Biz bize, diz dize

Güncelleme Tarihi:

Biz bize, diz dize
Oluşturulma Tarihi: Nisan 12, 1999 00:00

Haberin Devamı

Papirüs ilk kez 1972'de açıldı. Beş yıl sonra çıkan bir yangında yandı ve yeni Papirüs 1977'de bugünkü yerinde açıldı. Dekorasyonunu Osman Şengezer'in yaptığı barın duvarları ilk günden itibaren afişlerle doluydu. Yaşar Kemal, Cemal Süreya, Selim İleri gibi yazarların yanı sıra bütün sinemacıların ve tiyatrocuların uğrak yeri olan Papirüs, dönemin entelektüel çevresine, güzel yemekler ve içki dışında ilk kez 'kültürel bir atmosfer' sağladı. Aradan geçen 27 yıla rağmen sıcaklığından hiçbir şey kaybetmedi.

Geçmiş yıllarda Türkiye'de 'aydın' olmak isteyen insanlar 'staj'larını meyhanelerde yaparlardı. Sonra doktoralarını orada yapar ve gene orada ordinaryüslüğe yükselirlerdi. Derken yetmişlere gelirken, meyhane birdenbire mukassi görünmeye başladı. Aydınlarımız daha 'kulübümsü' bir 'lokal' ihtiyacı duymaya başladılar. Şöyle biz bize olunacak bir yer. Aynı zamanda çekinmeden 'diz dize' de olunabilecek bir yer. Hem sonra Türk aydınları memleket meseleleri konusunda sorunludurlar, bir sorunu sonuna kadar tartışmaktan kaçınmazlar; dolayısıyla icabında 'yumruk yumruğa' olunacak bir yer. İşte Papirüs onlara bunu sağladı.’’

80'li yıllarda yazdığı bir yazısında Papirüs'ü böyle anlatıyor Murat Belge. Gerçekten de Papirüs, Beyoğlu'nda bar anlamındaki ilk bar diyebileceğimiz Kulis'ten sonra, sinemacı, tiyatrocu ve yazar çevresinin kendilerini evlerinde hissedecekleri, ne zaman gitseler aynı yüzlere rastlayacakları, dilediklerince içip tartışacakları, ellerinde içkileri masadan masaya konsomasyona çıkabilecekleri bir mekán oldu. Papirüs'ü o dönem kendisine alternatif olabilecek diğer mekánlardan ayıran bir özelliği vardı çünkü.

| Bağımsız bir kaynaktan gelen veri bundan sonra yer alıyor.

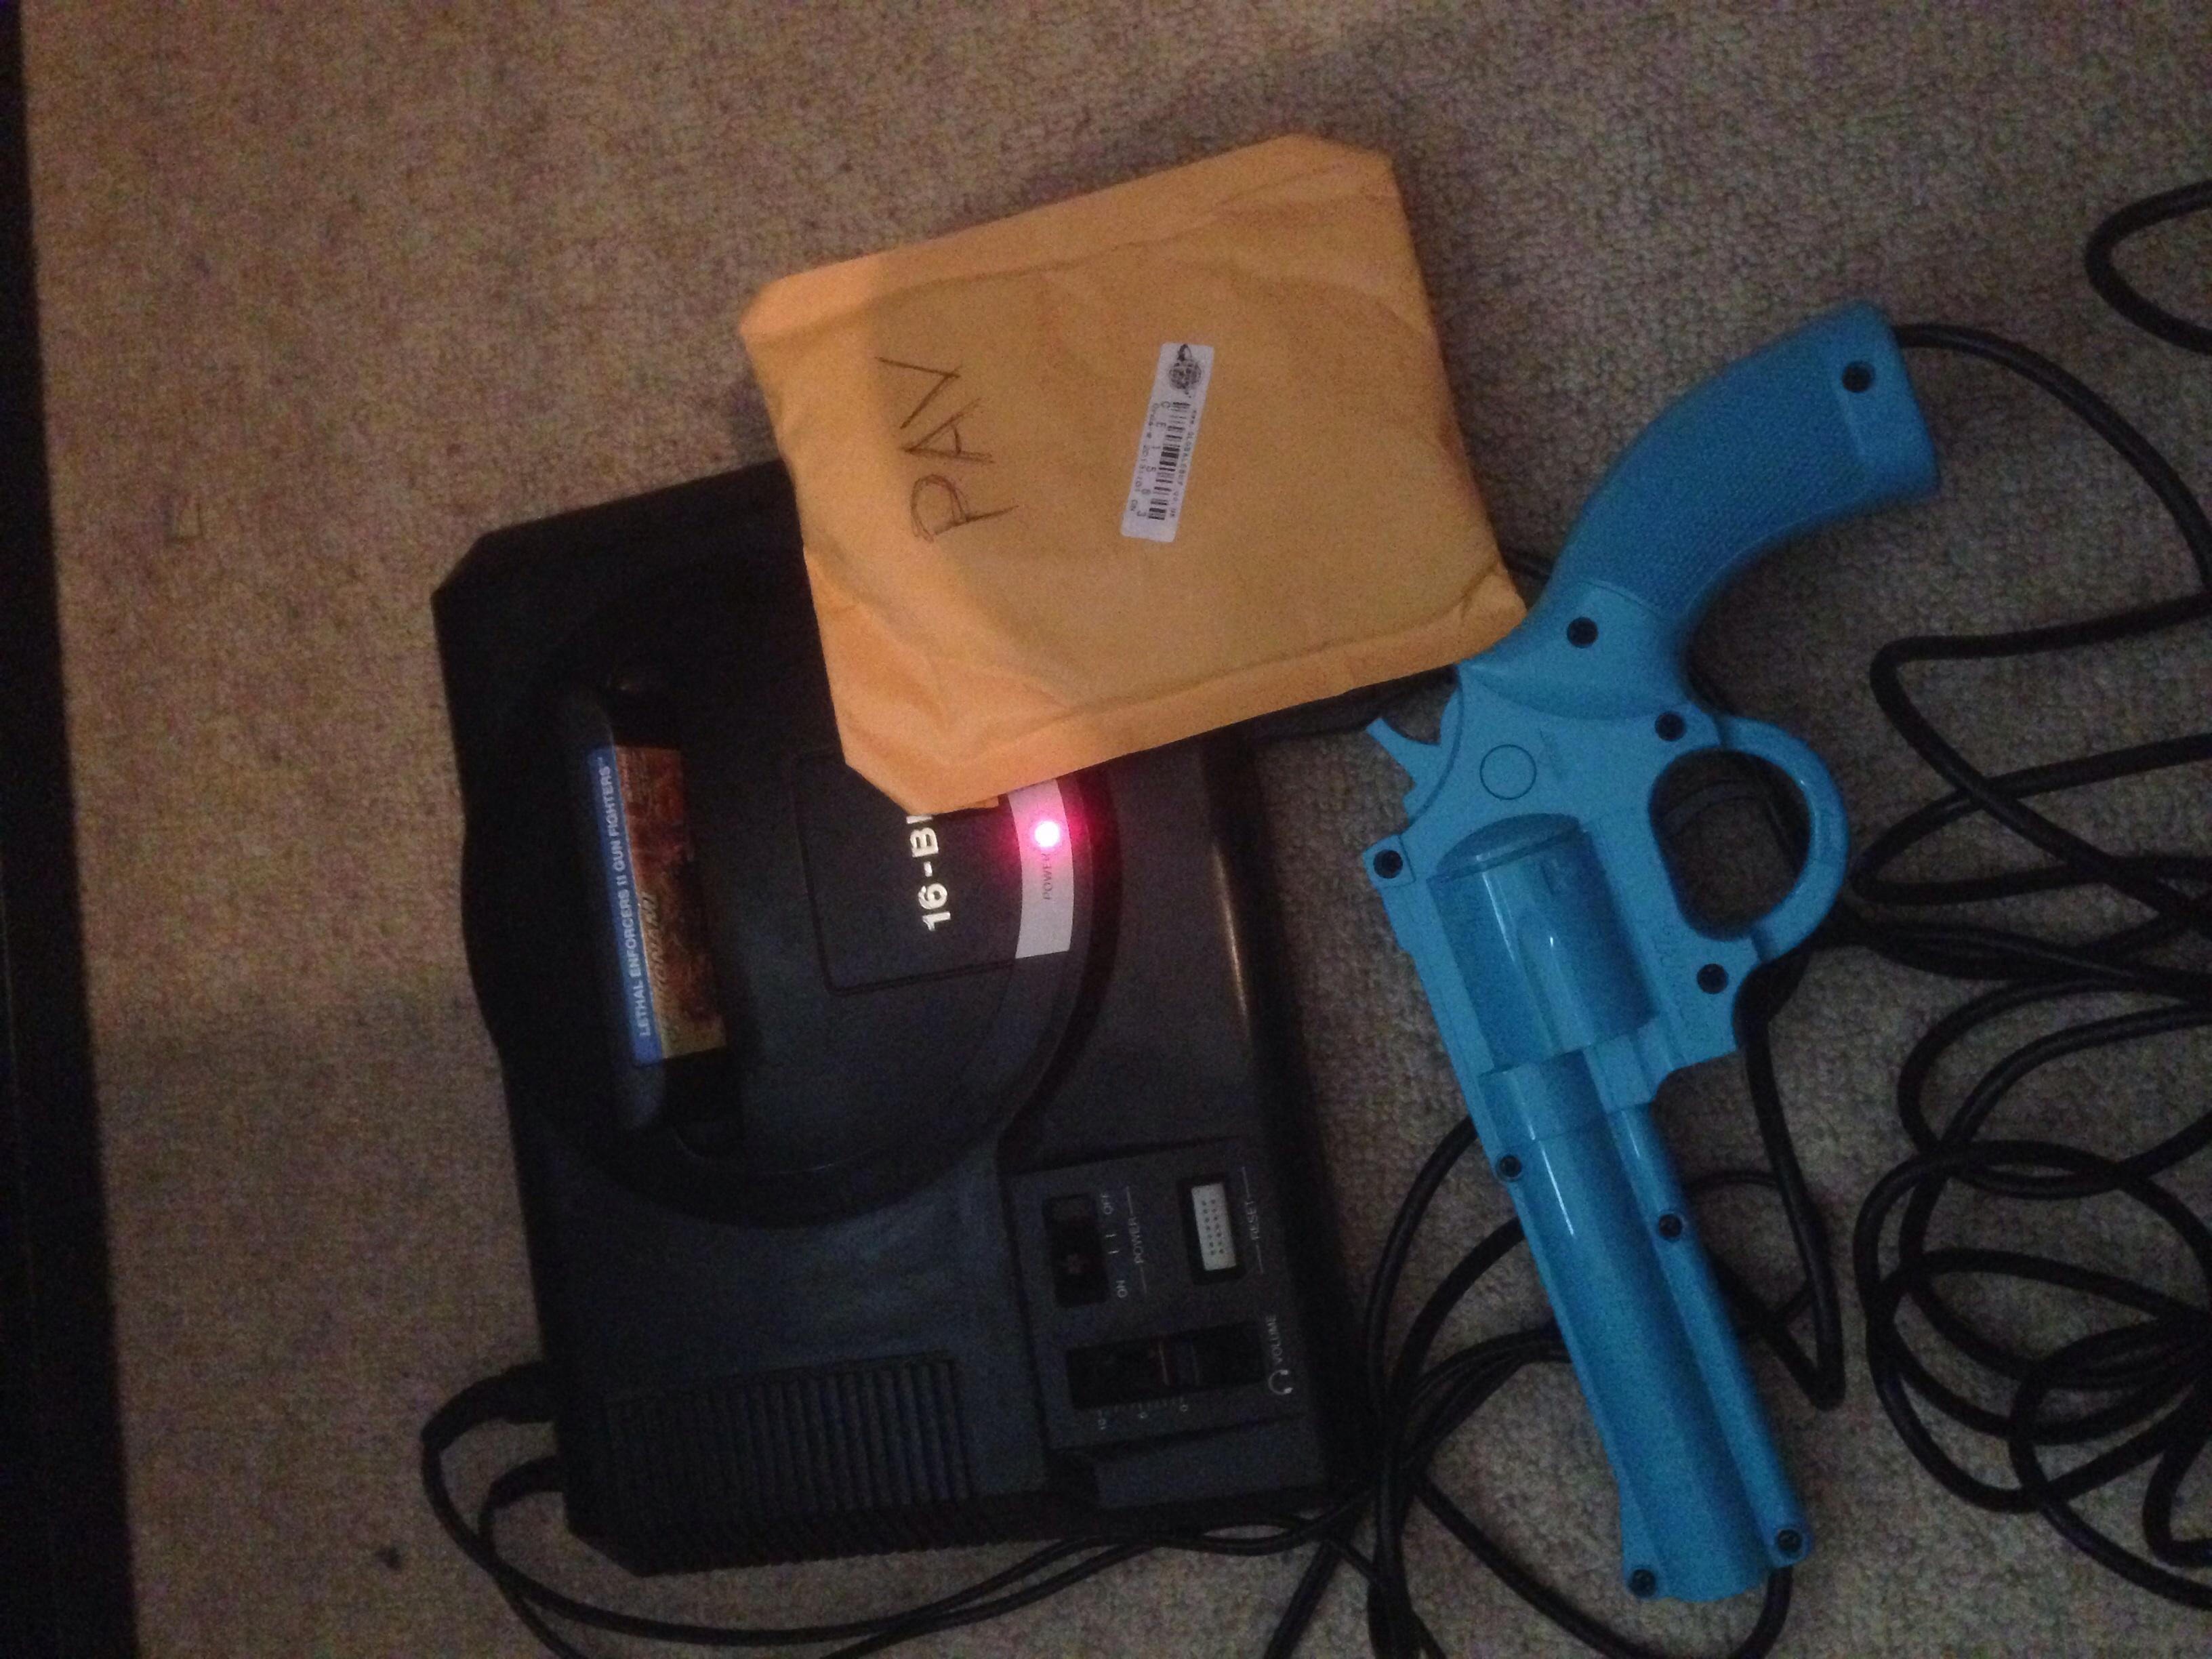 Lethal Enforcers II: Gun Fighters 976 points

Elle tutulmayan, sözle açıklanamayan bu özellik elbette yemeklerin lezizliği, içkilerin çeşitliliği, koltuklarının rahatlığı değildi. Nasıl olmuşsa olmuş, Papirüs sanatçı kesimine, onların hava su kadar ihtiyaç duyduğu ‘‘kültürel’’ bir atmosfer sunmuştu. Bu öyle bir ortamdı ki, sanatçı-yazar çevresinden olmadan oraya hasbelkader gelmiş olanlar bile, çıkışta kendilerini farklı hissediyorlardı. Papirüs'ün havası suyu onlara da bulaşıyordu. O dönem barın özellikle Pazartesi akşamüstünden gecenin geç saatlerine kadar gediklisi olanlar, Papirüs'ü İstanbul'un yalnızca ilk barı değil ilk İngilizvari barı olarak tanımlarlar. Dekorundan atmosferine İngiliz publarını anımsatan Papirüs'ün müdavimleri arasında Yaşar Kemal, Cemal Süreya ve Selim İleri vardır. Tiyatro ve sinema çevresinden ise herkes oradadır zaten.

Afiş galerisi

Papirüs ilk kez 1972 yılında Ertuğrul Bora tarafından Beyoğlu'nda Ses Sineması'nın üstünde açılır. Ancak 1977 yılında çıkan bir yangınla kapanır ve yeni Papirüs aynı yıl bugünkü yeri olan Ayhan Işık Sokak'ta hizmet vermeye başlar. Üç basamak inilip kapısından girdiğinizde mekánın 1977'den bu yana çok az değişime uğramış dekorasyonu ünlü sanatçı Osman Şengezer tarafından yapılır. Papirüs'ün duvarları o günden itibaren küçüklü büyüklü sinema ve tiyatro afişleriyle dolmaya başlar. Bu afiş fikri de Osman Şengezer'den çıkmıştır. Bu ilginç fikrin gerçekleşmesine, yurtdışına gidip gelen müdavimler getirdikleri afişlerle katkıda bulunurlar ve kısa sürede Papirüs'ün duvarlarında neredeyse bir santimlik boşluk kalmaz. Dr. Şen Doğan'ın Londra'dan getirdiği 'Evita' ve Zekai Muratçay'ın hediye ettiği 'Der Nachfolger' bunlardan ikisidir. Ama başınızı nereye çevirseniz ya Hamlet size bakar ya James Dean ya da eski Türk filmlerinden kareler.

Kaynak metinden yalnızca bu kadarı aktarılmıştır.